REQUIRED WORK
Set down the data below in full, exactly as it reads, but without the pictures.

[SUPPLIED MATERIAL Boundary: Start]

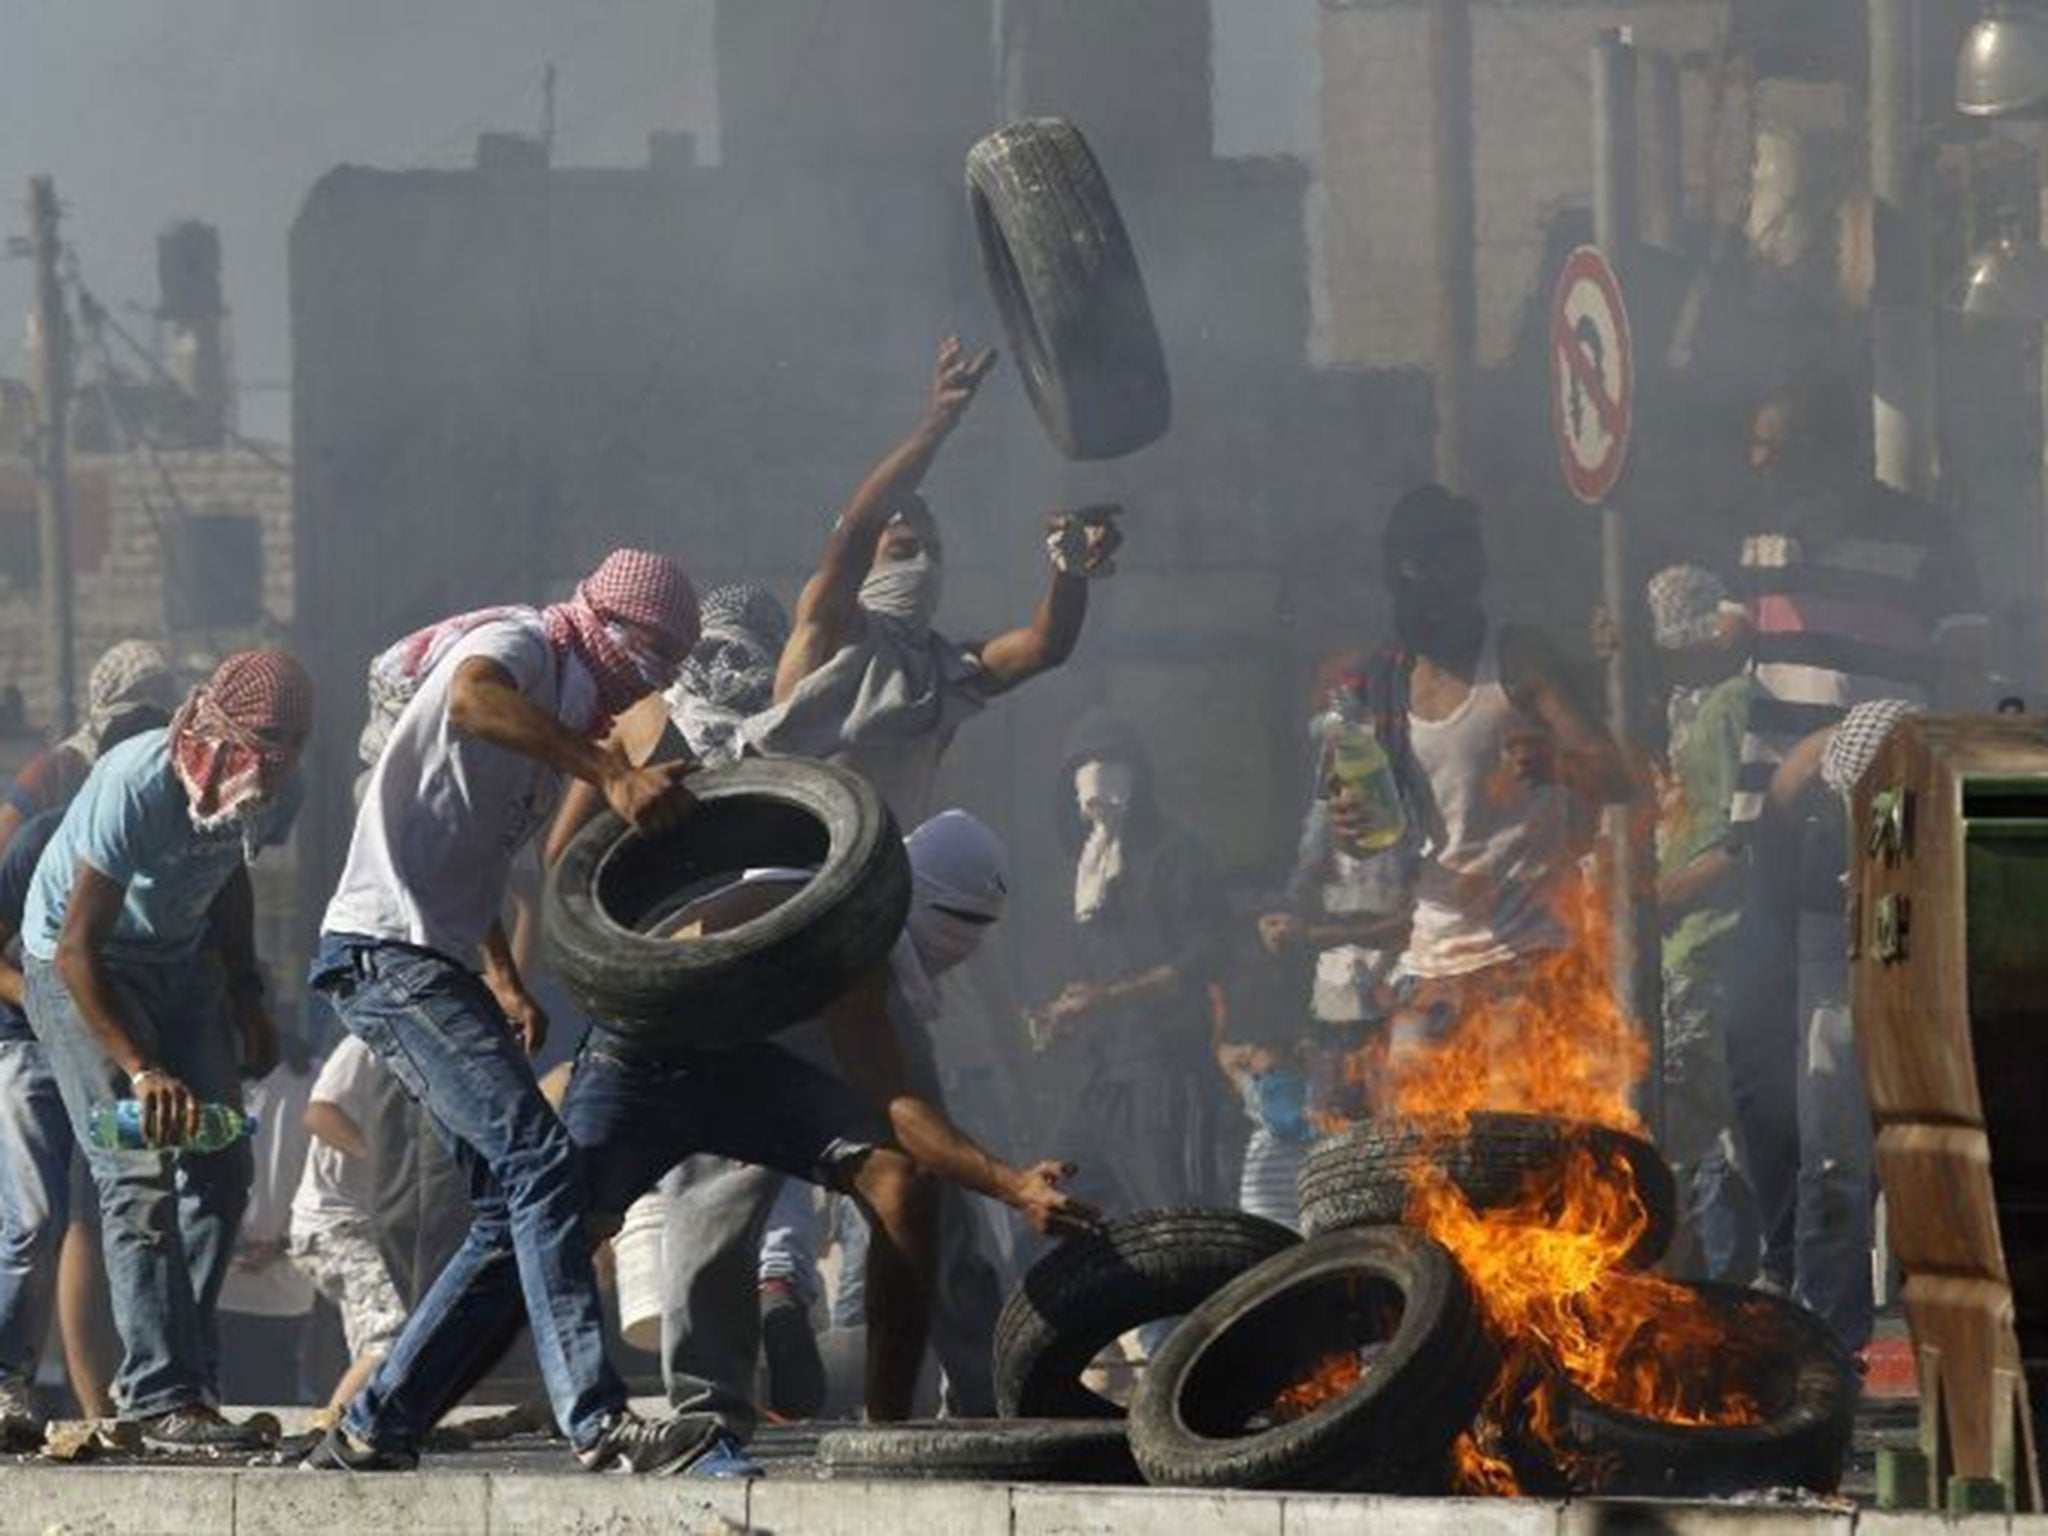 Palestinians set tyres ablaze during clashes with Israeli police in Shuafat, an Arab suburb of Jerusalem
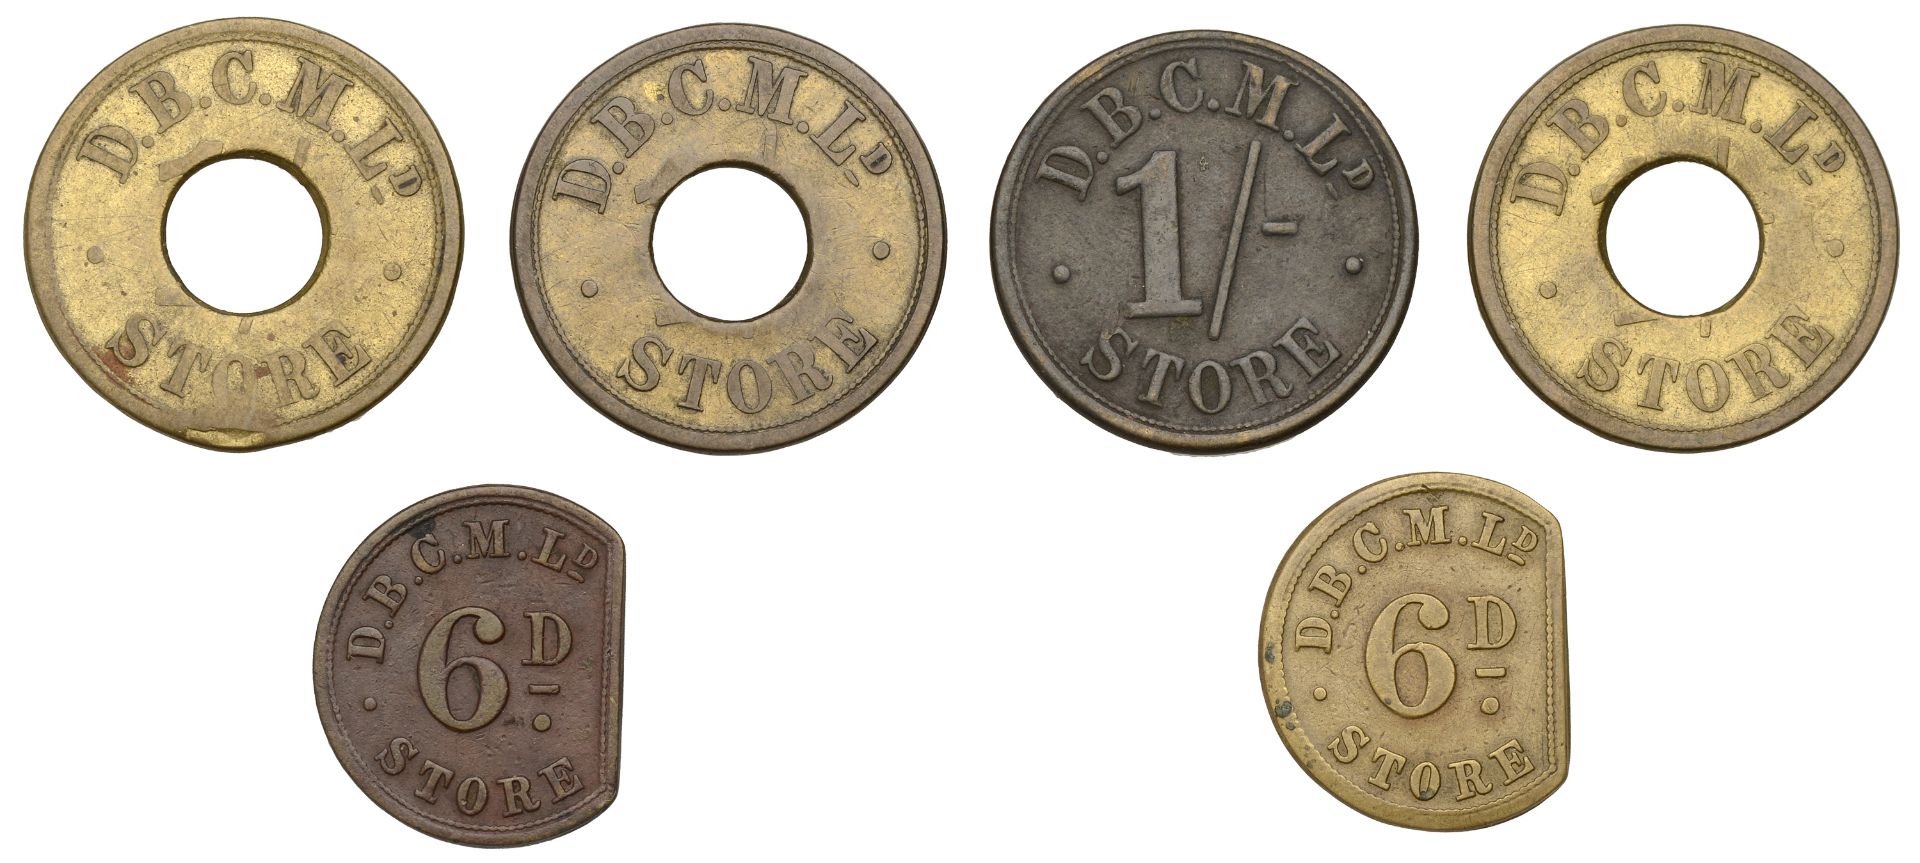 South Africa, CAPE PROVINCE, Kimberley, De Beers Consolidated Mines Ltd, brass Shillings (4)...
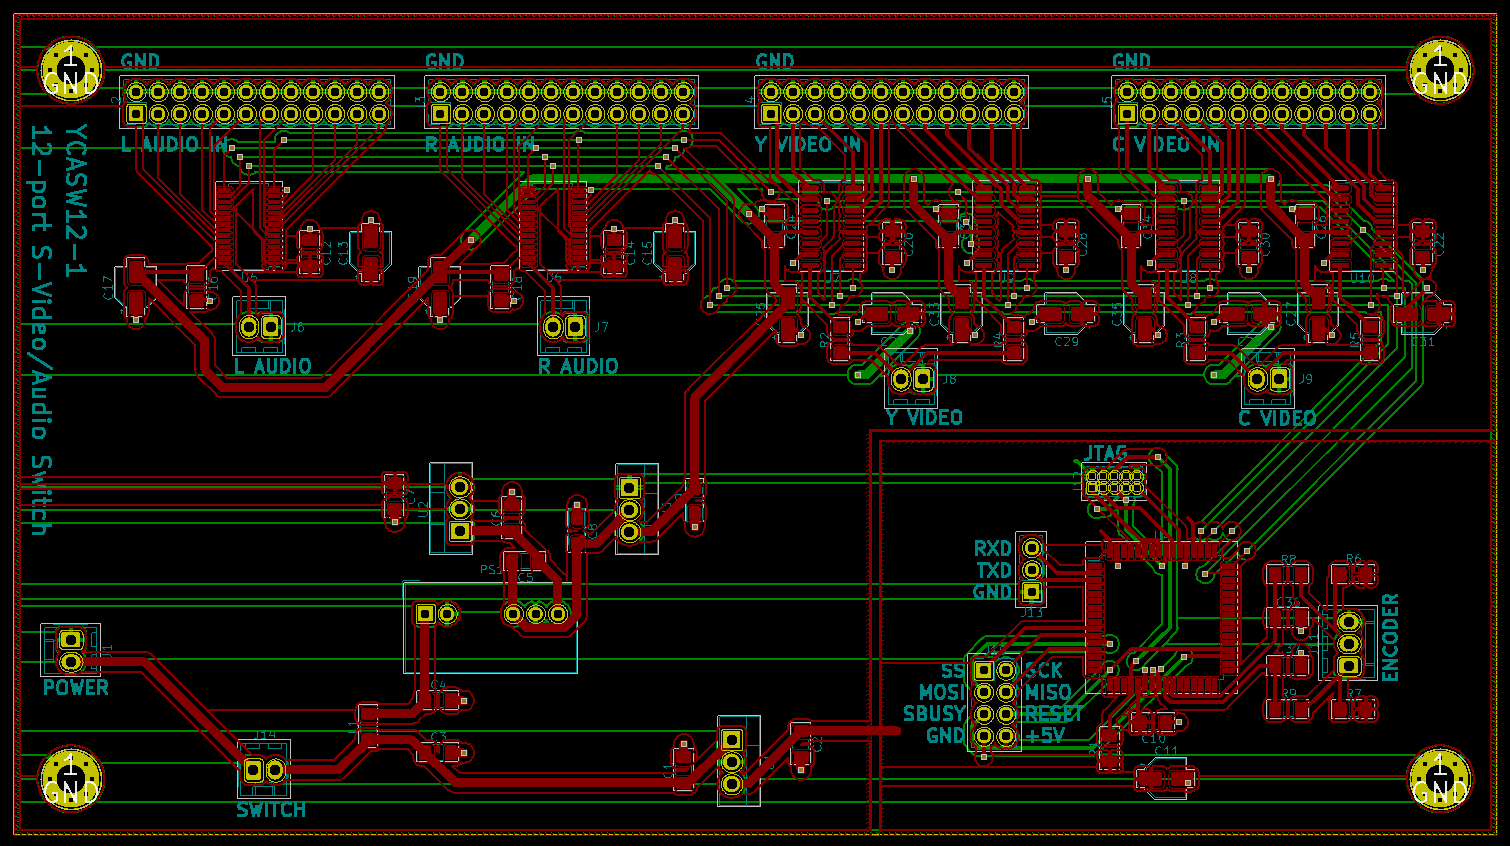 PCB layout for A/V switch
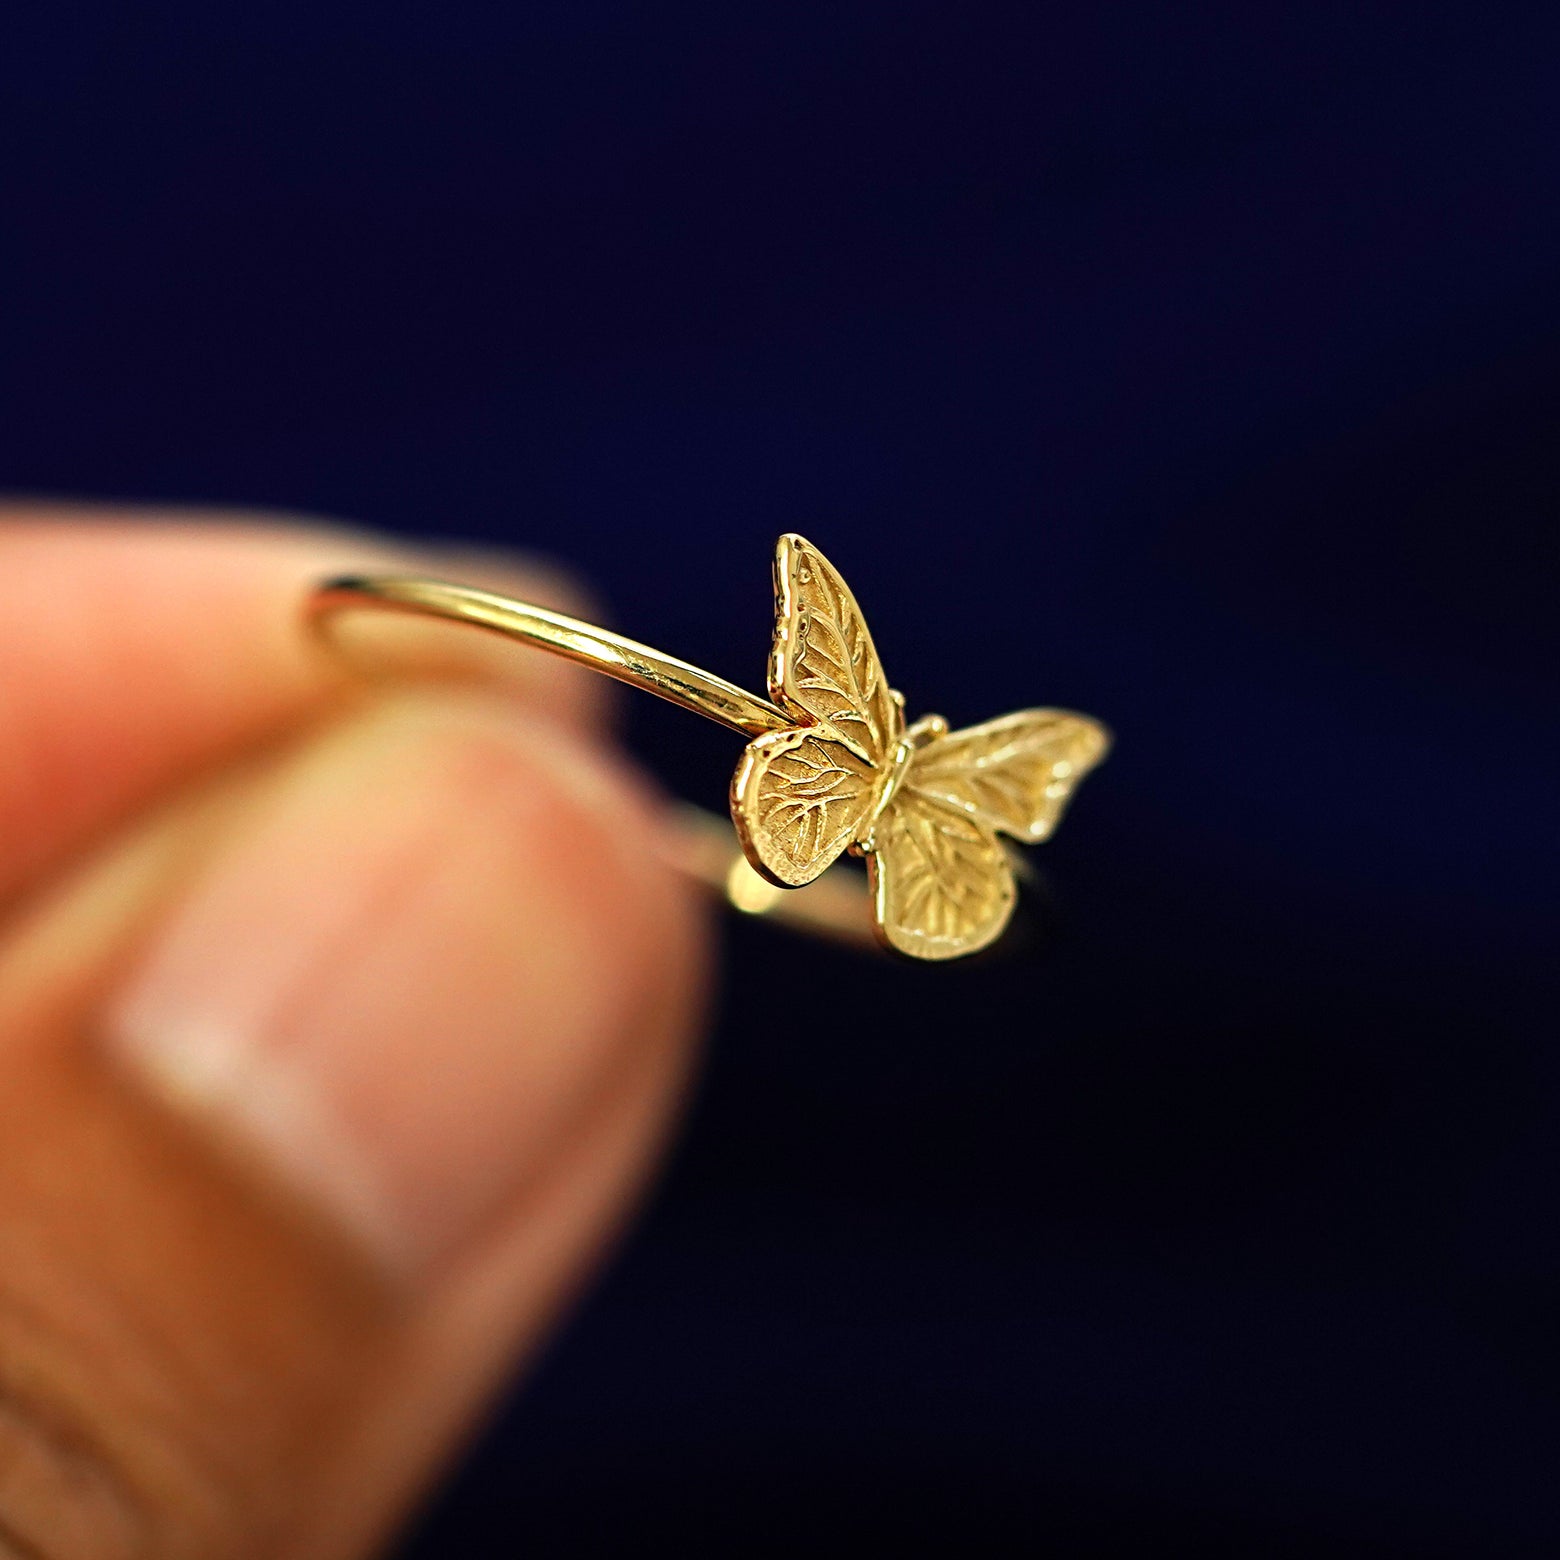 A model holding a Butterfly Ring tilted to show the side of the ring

[SUPPLIED MATERIAL Boundary: End]

RESPONSE FOR THIS EXERCISE
 Palestinians set tyres ablaze during clashes with Israeli police in Shuafat, an Arab suburb of Jerusalem
 South Africa, CAPE PROVINCE, Kimberley, De Beers Consolidated Mines Ltd, brass Shillings (4)...
 PCB layout for A/V switch
 A model holding a Butterfly Ring tilted to show the side of the ring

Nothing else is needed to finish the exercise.